It was January 8, 2018, a clear night at Cape Canaveral. The SpaceX Falcon 9 rocket launched beautifully, casting a brilliant light over the dark marshes. Minutes later the spent first stage separated and fell away, and the second stage burst into life and sped the craft even higher, aiming for whatever orbit the payload would eventually assume. The payload fairings detached and tumbled away as planned once the craft was out of the atmosphere, and the secretive satellite known only as Zuma was exposed to space. As it rocketed higher and higher, still attached to the SpaceX second stage, the media broadcasts cut off for secrecy purposes. All we know about what happened next is a series of seemingly contradictory events that guaranteed Zuma will inspire lively debate to both space historians and conspiracy theorists alike for quite some time. Today we're going to point the skeptical eye at what's known, what's rumored, and some really cool stuff that might be true — and that would also be unprecedented.

Everything about this launch was weird, even before it happened, prompting space enthusiasts to pay extra close attention. Unconfirmed reports were published online (before the launch) that SpaceX boss Elon Musk:

...sent an email about this launch stating that it was the most valuable satellite they have launched to date. Any misgivings or inklings of issues... call or email him directly and he would get teams on it to verify.

The hazard areas published in advance of the launch — warning of the places to avoid should the rocket fail soon after launch, and then again where the spent second stage was expected to fall — told us that Zuma's orbit was to be at a 50°-51° inclination. Picture a hula hoop around the Earth, but tilted 50° off horizontal. This is a virtually unheard of orbit. Optical spy satellites are at sun-synchronous 98° polar orbits; electronic intelligence (SIGINT) satellites use highly elliptical 63.4° orbits; radar satellites use a 68°, 57°, or 123° orbit; and geostationary orbits launch at a 28° inclination. The only other launch at 50° was only eight months earlier, an equally secret satellite designated USA-276 launched by the National Reconnaissance Office — a spy satellite. USA-276 is very close to the International Space Station's orbit. So close, in fact, that just a month after its launch it passed only 6.4 kilometers from the station — that's wildly, insanely close. Early speculation was that Zuma, with its similar inclination, might have had some similar intent; but as we'll see, that turned out not to be the case.

Also strange was that nobody claimed the satellite. All the government agencies that launch satellites denied Zuma was theirs, and all those with launch schedules have no gaps in their numbering into which Zuma might fit. We honestly have no idea whose it might be, beyond it being some agency of the United States government.

One final piece of weirdness perked up ears throughout the space community.

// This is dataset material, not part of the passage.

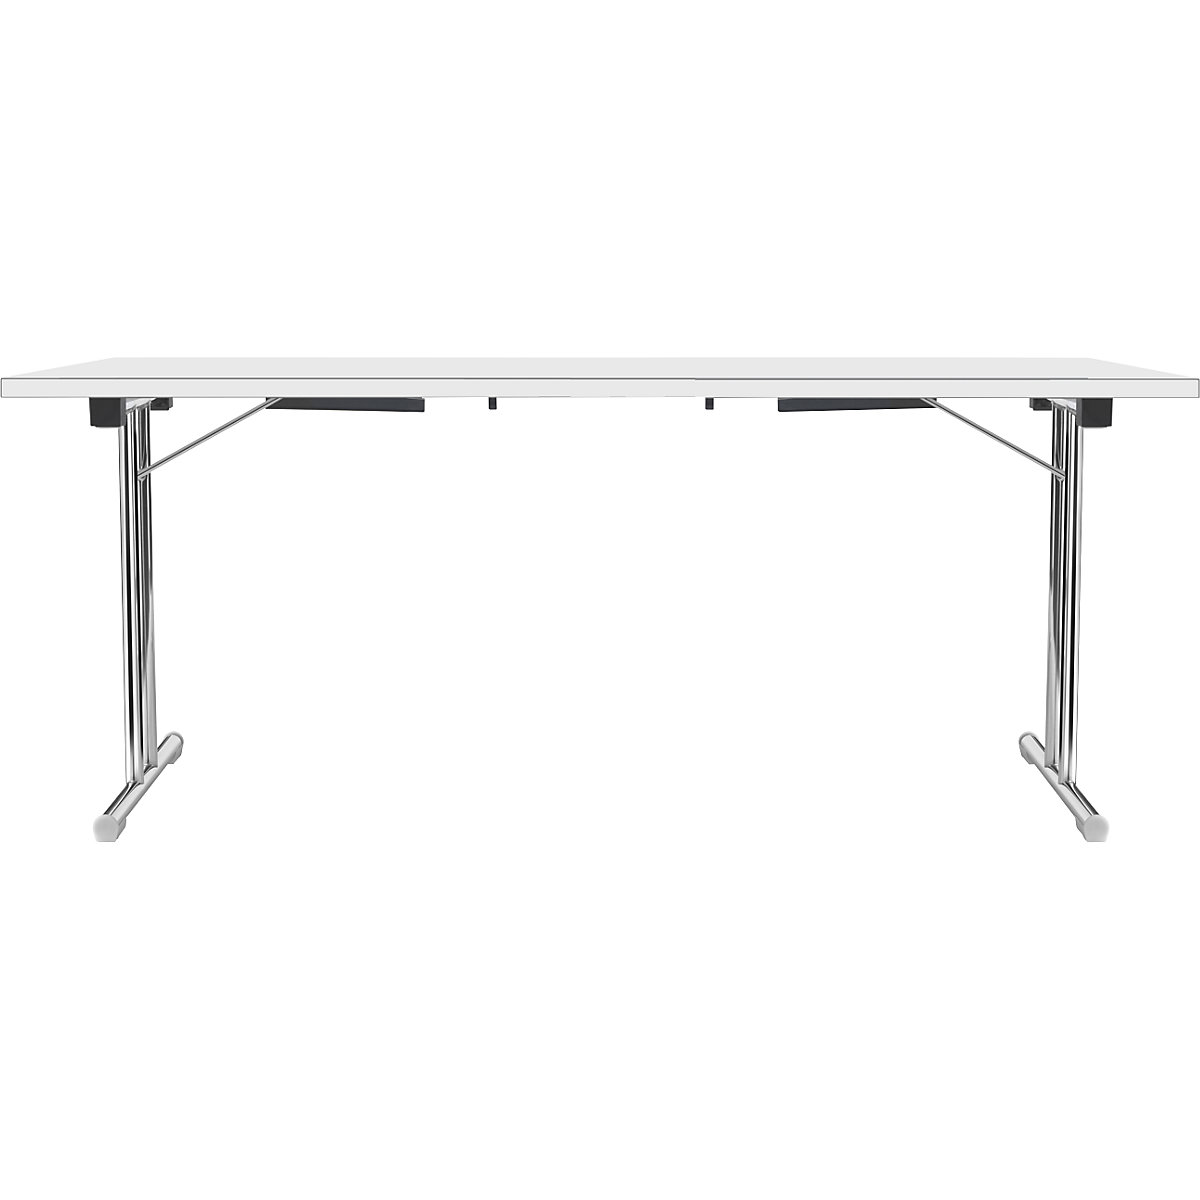 Tavolo pieghevole con basamento a T doppio, telaio in tubo tondo d'acciaio, cromato, bianco/bianco, largh. x prof. 1800 x 800 mm-4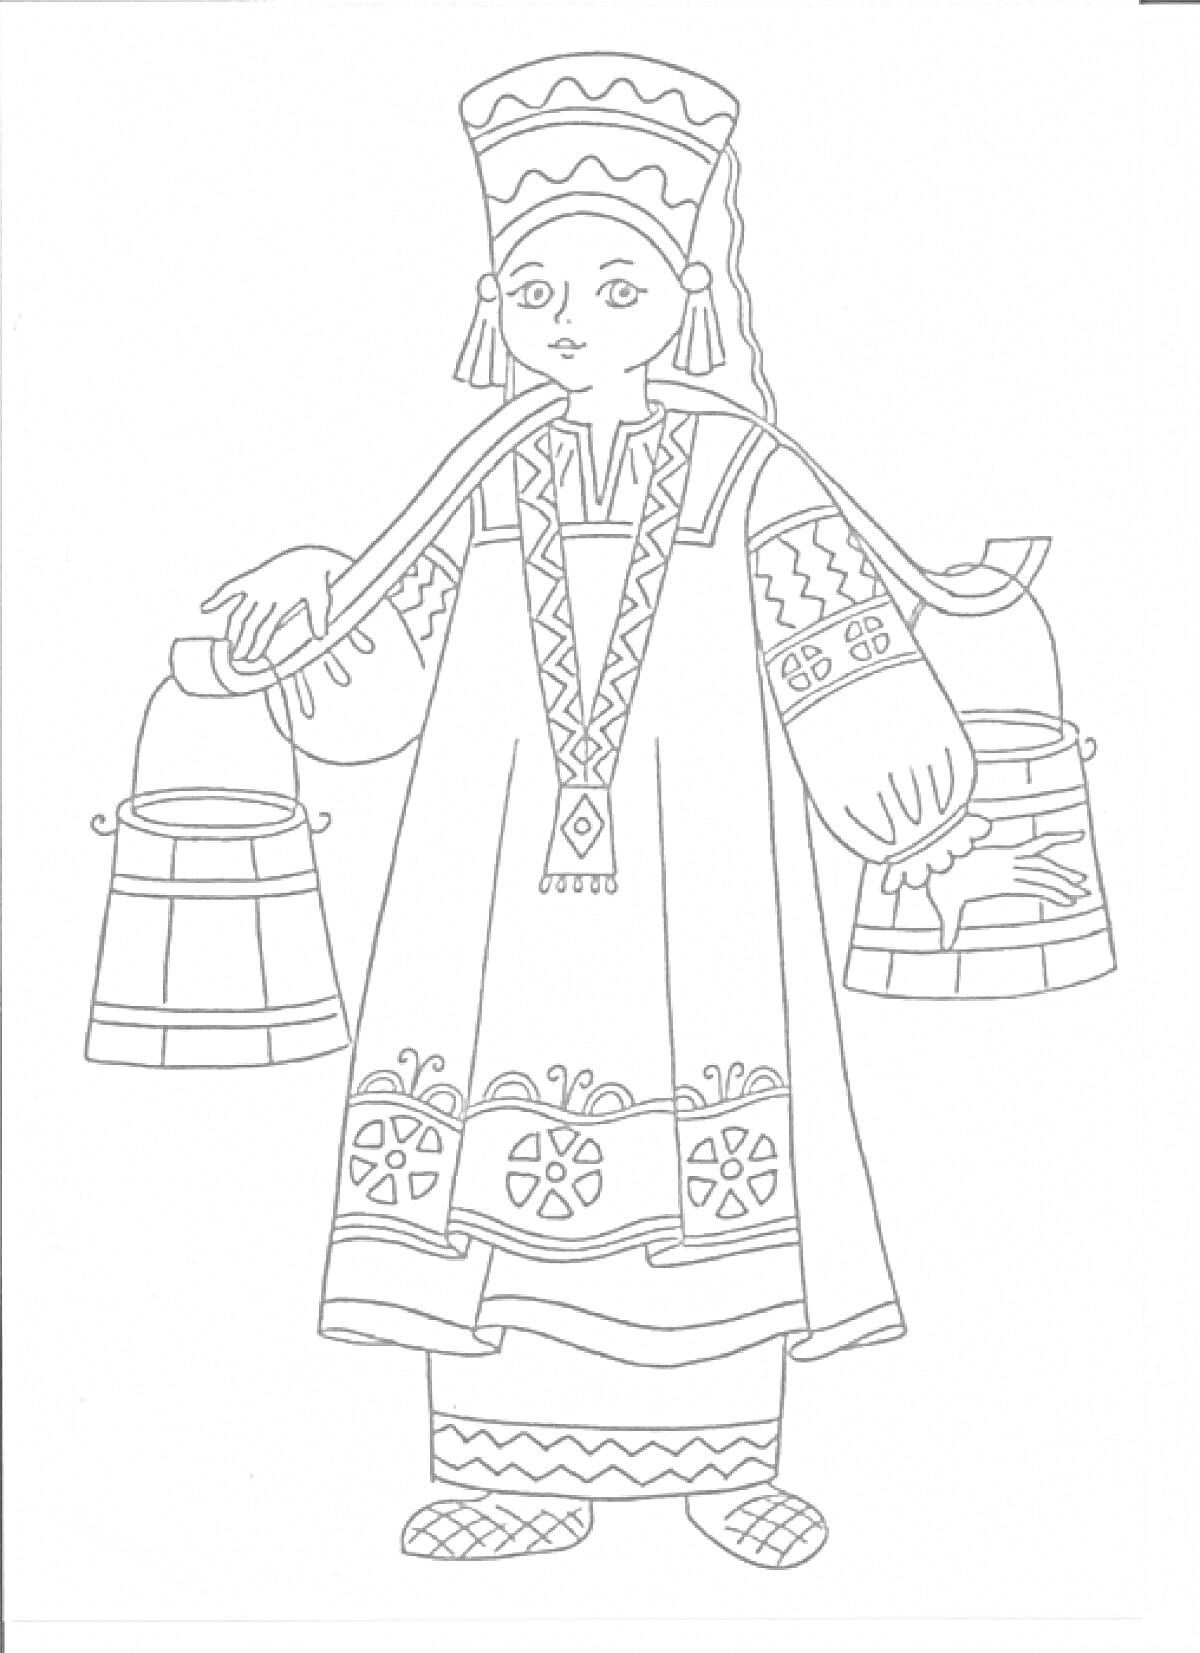 Раскраска Девушка в русском народном костюме с коромыслом, ведра, кокошник, сарафан с узорами, рубаха с длинными рукавами, лапти

Zuma was built for its mysterious customer by Northrop Grumman, there's no secret about that. Like all satellites, it was attached to the top of the rocket with a component called the payload adapter. Usually (but not always) these are provided by the booster manufacturer, in this case SpaceX. But this one was provided by Northrop Grumman itself. The payload adapter is responsible for the actual separation, when the satellite is released onto its own, and the booster then de-orbits to burn up in the atmosphere. This particular adapter was subjected to an unusually high number of ground tests for the separation procedure — three. The reason Northrop Grumman gave for this — to be taken with a grain of salt — is that the separation required unprecedented delicacy, suggesting a fragility of the payload greater than any previously launched satellites.

Let's get back to the launch itself — we last left our intrepid spacecraft shedding its payload fairing, and the cameras cutting off. The plan from this point was anybody's guess, known only to those with sufficient clearance. But in any launch, the next step would have to be for Zuma to disconnect from that payload adapter once it reached its orbit, and for the now-independent second stage to perform a final de-orbit burn. Exactly when all this happened depended on how high Zuma's orbit was to be, how much longer it would need elevating thrust from the booster — it could have been seconds later, or hours later. Instead, what happened was that news outlets all reported the launch had been a failure. Something failed and Zuma had not separated from the second stage, and both fell back into the atmosphere and were destroyed.

And that's only if you believe the news. Which, in the case of a classified launch like this, consists only of whatever is released by those who actually know. They can say whatever they want, and the media has no way to fact check it.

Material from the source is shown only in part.